_Provided records_
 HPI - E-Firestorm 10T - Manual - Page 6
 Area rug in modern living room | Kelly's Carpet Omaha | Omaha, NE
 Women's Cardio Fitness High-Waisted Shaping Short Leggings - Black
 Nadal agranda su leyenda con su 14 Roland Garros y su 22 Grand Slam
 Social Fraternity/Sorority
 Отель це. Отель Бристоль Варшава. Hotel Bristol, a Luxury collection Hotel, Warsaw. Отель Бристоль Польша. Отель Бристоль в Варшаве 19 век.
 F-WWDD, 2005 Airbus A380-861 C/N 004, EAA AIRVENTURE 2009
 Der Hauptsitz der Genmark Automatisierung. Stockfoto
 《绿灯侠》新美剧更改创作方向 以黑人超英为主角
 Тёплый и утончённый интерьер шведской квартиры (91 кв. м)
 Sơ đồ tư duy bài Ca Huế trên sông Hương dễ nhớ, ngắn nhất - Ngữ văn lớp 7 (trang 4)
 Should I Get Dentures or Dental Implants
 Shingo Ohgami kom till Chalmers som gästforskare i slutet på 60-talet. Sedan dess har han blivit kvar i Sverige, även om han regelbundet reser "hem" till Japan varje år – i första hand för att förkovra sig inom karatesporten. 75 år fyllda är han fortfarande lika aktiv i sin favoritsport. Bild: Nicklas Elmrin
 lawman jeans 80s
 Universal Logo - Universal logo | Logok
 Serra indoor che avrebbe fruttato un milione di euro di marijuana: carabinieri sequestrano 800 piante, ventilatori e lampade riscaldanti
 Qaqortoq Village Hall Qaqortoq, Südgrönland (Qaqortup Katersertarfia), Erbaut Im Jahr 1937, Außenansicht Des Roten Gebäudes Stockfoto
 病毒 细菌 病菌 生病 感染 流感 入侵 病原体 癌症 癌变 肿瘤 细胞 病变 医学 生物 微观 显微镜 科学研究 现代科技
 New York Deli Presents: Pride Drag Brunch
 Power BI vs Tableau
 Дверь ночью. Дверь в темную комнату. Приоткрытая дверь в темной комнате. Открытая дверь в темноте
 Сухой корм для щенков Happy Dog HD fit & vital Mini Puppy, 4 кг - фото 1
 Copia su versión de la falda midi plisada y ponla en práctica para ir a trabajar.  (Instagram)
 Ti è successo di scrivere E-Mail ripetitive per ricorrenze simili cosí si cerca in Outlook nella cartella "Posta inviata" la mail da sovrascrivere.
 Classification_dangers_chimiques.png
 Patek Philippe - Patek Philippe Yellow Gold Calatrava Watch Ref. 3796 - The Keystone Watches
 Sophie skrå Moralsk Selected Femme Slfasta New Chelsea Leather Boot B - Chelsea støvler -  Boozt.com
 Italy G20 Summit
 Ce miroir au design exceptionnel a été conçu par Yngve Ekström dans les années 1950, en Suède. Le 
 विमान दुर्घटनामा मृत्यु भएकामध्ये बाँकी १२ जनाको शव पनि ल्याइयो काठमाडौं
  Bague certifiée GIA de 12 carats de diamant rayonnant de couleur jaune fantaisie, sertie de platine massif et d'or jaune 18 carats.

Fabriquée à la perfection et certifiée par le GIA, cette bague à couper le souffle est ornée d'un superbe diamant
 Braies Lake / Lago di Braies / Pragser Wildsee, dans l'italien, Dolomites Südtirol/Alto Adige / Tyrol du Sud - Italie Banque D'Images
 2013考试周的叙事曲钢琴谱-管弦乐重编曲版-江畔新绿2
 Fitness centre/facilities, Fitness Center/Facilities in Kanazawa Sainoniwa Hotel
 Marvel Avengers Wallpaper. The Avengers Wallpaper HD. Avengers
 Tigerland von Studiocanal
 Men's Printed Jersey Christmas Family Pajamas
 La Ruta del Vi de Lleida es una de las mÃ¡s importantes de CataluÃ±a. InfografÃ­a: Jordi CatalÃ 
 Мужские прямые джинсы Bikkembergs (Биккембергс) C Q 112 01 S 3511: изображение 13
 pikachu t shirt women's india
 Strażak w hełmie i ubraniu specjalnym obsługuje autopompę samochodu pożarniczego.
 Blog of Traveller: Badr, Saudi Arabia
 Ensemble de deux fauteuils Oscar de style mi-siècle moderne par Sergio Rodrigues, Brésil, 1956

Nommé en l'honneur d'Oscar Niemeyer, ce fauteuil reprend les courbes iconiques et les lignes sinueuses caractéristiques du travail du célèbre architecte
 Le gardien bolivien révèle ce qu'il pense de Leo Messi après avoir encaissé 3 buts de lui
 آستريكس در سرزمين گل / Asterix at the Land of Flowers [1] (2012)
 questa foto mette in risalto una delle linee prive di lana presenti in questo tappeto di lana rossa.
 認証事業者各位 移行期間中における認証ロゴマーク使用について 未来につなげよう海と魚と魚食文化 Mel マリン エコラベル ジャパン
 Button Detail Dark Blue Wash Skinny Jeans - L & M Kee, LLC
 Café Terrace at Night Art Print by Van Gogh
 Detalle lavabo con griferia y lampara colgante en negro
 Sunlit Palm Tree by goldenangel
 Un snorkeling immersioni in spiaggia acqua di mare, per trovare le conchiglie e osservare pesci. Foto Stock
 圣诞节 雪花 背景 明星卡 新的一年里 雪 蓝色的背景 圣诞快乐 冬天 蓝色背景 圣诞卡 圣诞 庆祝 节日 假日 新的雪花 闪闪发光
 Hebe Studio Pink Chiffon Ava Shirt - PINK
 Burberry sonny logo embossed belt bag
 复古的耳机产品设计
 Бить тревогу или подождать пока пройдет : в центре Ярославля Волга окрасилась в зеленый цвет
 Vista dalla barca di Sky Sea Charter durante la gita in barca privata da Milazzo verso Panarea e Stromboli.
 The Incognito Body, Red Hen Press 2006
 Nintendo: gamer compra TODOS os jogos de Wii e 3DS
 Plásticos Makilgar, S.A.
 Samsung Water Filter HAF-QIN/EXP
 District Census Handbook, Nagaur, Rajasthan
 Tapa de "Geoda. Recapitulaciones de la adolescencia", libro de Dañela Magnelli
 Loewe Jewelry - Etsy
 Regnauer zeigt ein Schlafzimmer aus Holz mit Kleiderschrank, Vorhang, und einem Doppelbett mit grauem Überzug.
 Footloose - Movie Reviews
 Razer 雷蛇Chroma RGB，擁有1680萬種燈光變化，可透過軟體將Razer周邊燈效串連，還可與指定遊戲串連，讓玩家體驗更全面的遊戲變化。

_Instructions for the task_
Above are records; repeat only the lines starting at the line with "Nintendo: gamer compra" and ending at the line with "Footloose - Movie Reviews", exactly as they appear, both included.

_Response_
 Nintendo: gamer compra TODOS os jogos de Wii e 3DS
 Plásticos Makilgar, S.A.
 Samsung Water Filter HAF-QIN/EXP
 District Census Handbook, Nagaur, Rajasthan
 Tapa de "Geoda. Recapitulaciones de la adolescencia", libro de Dañela Magnelli
 Loewe Jewelry - Etsy
 Regnauer zeigt ein Schlafzimmer aus Holz mit Kleiderschrank, Vorhang, und einem Doppelbett mit grauem Überzug.
 Footloose - Movie Reviews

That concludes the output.